The best example of this in my books was Charlotte's play on the fast break.  Yesterday I wrote that the 'Cats played at the league's second slowest pace but having watched the game last night, you never would have known.  Knowing that Toronto's transition defence was particularly miserable, the Bobcats ran the ball down Toronto's throat all night, leading to a dizzying array of dunks and easy baskets.  It was these plays that sucked out whatever little life the Raps had in them, and by the time there were about 3 minutes left in the third quarter, you got the feeling this one was over.

So now what?

Well, last night I was angry enough to go on a complete tirade about this club but having slept on the loss, I'm hoping instead that this becomes the proof in the pudding - not just to players but to the coaches and the team's management.

You simply can't rely on offense alone.

Toronto couldn't hit the broad side of a barn door, as my Dad used to say, last night and as a result had no other options in terms of trying to stay in the game.  Toronto's "big 3" were particularly atrocious, relying far too often on jump shots and outside of Amir Johnson, the rest of the team seemed to follow suit.

There's one of the "big 3" though that I want to touch on in particular; Hedo Turkoglu.

One of our readers noted last night that up until very late in the game, Gerald Wallace had nary a foul.  Considering Wallace's style of play at both ends of the court, this seemed absurd! 

Then I remembered that he was guarding Hedo. 

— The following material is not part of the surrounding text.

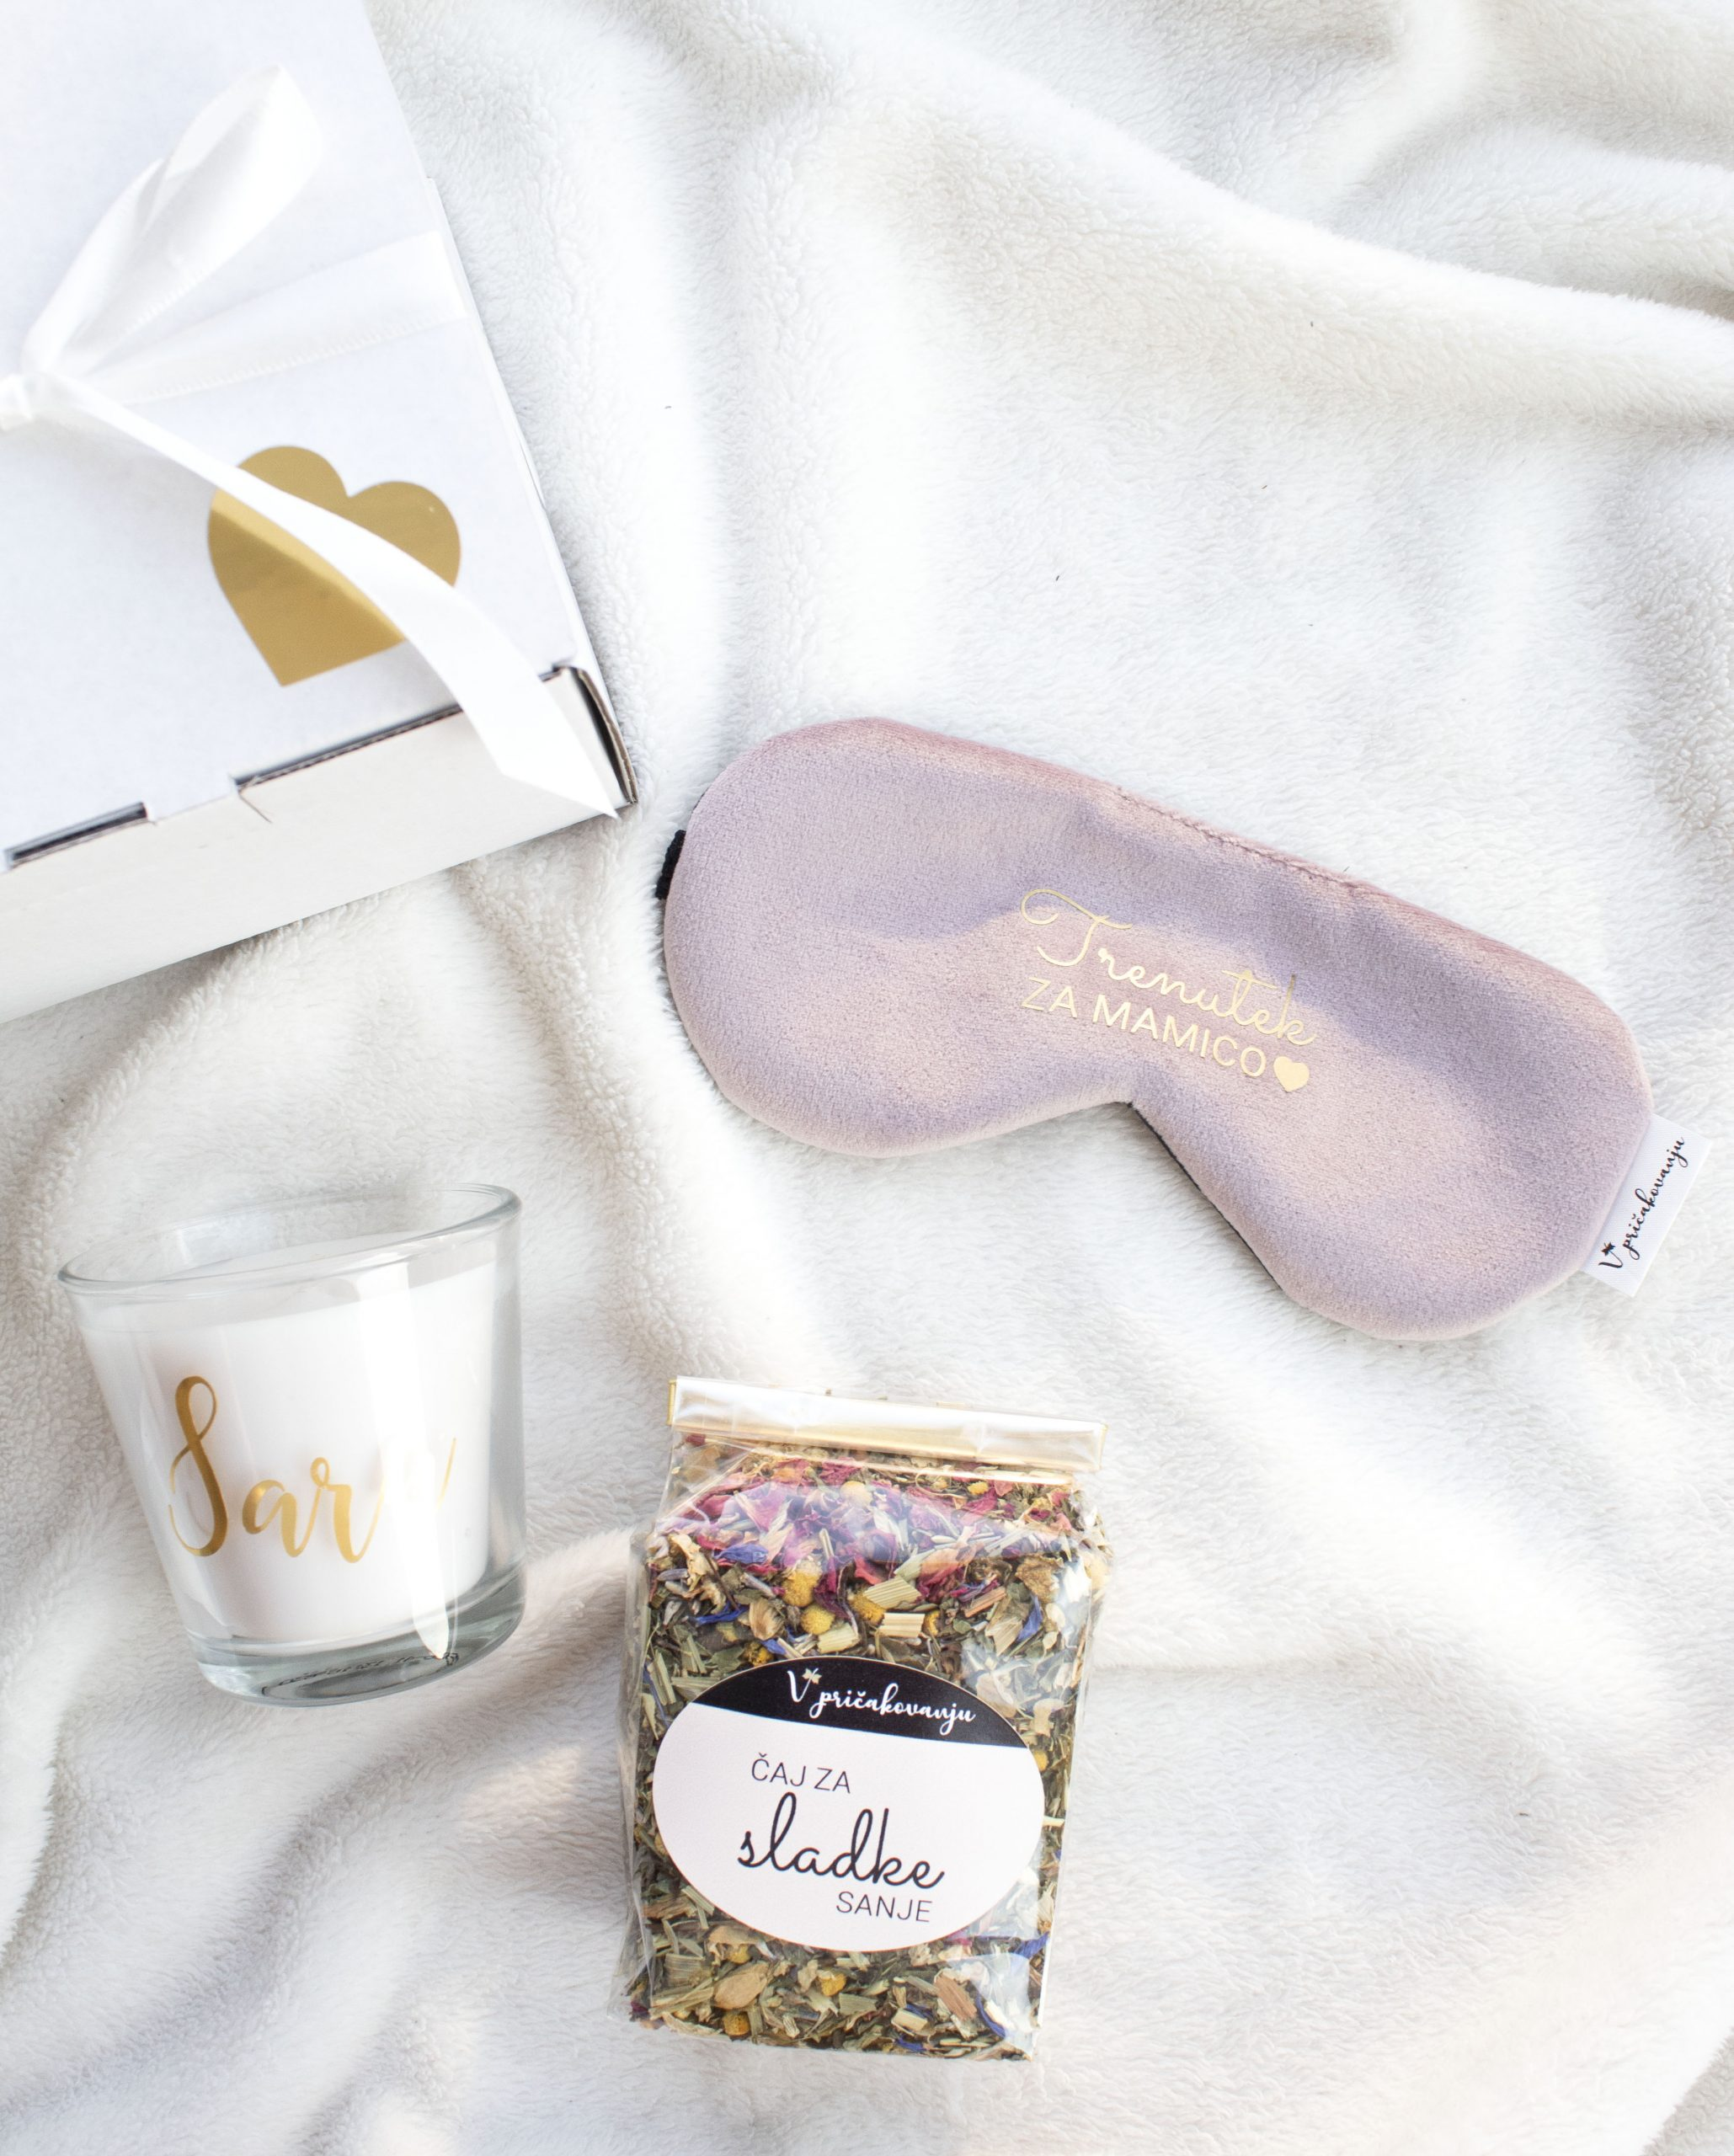 paket svečka (maska) 1

Hedo settled for J's all night, and failed to show any sort of "attack mode" against Wallace, or any of the other Bobcats for that matter, something simply not acceptable considering the expectations placed on him.  It's games like last night's where Toronto needs a lift from guys like him and Bargs, in particular when Bosh too is struggling with his shot, so to essentially be invisible for 48 minutes ain't gonna cut it.

And to really rub salt in the wound, consider that most of the offensive damage last night was done by the very player Hedo was supposed to be guarding, a player with many of the Shawn Marion-esque intangibles that I was pining for this past off-season.

The Raptors of course went in another direction and I'm unfortunately we're seeing the results of the "all O/no D" philosophy.

Granted, this loss isn't the end of the world.

It's only game number 16 of 82, so maybe this is the kick in the ass the players and coaches need to really lock-in defensively in practice.

I hope so.

Because the joke of an effort last night wasn't fit for a junior high basketball squad, let alone an NBA one.

Last night's game should definitely have been a W but as I mentioned in the game-day preview yesterday, until this team figures out some D and more consistent O, I think as fans we can unfortunately expect a lot more matches like this to come.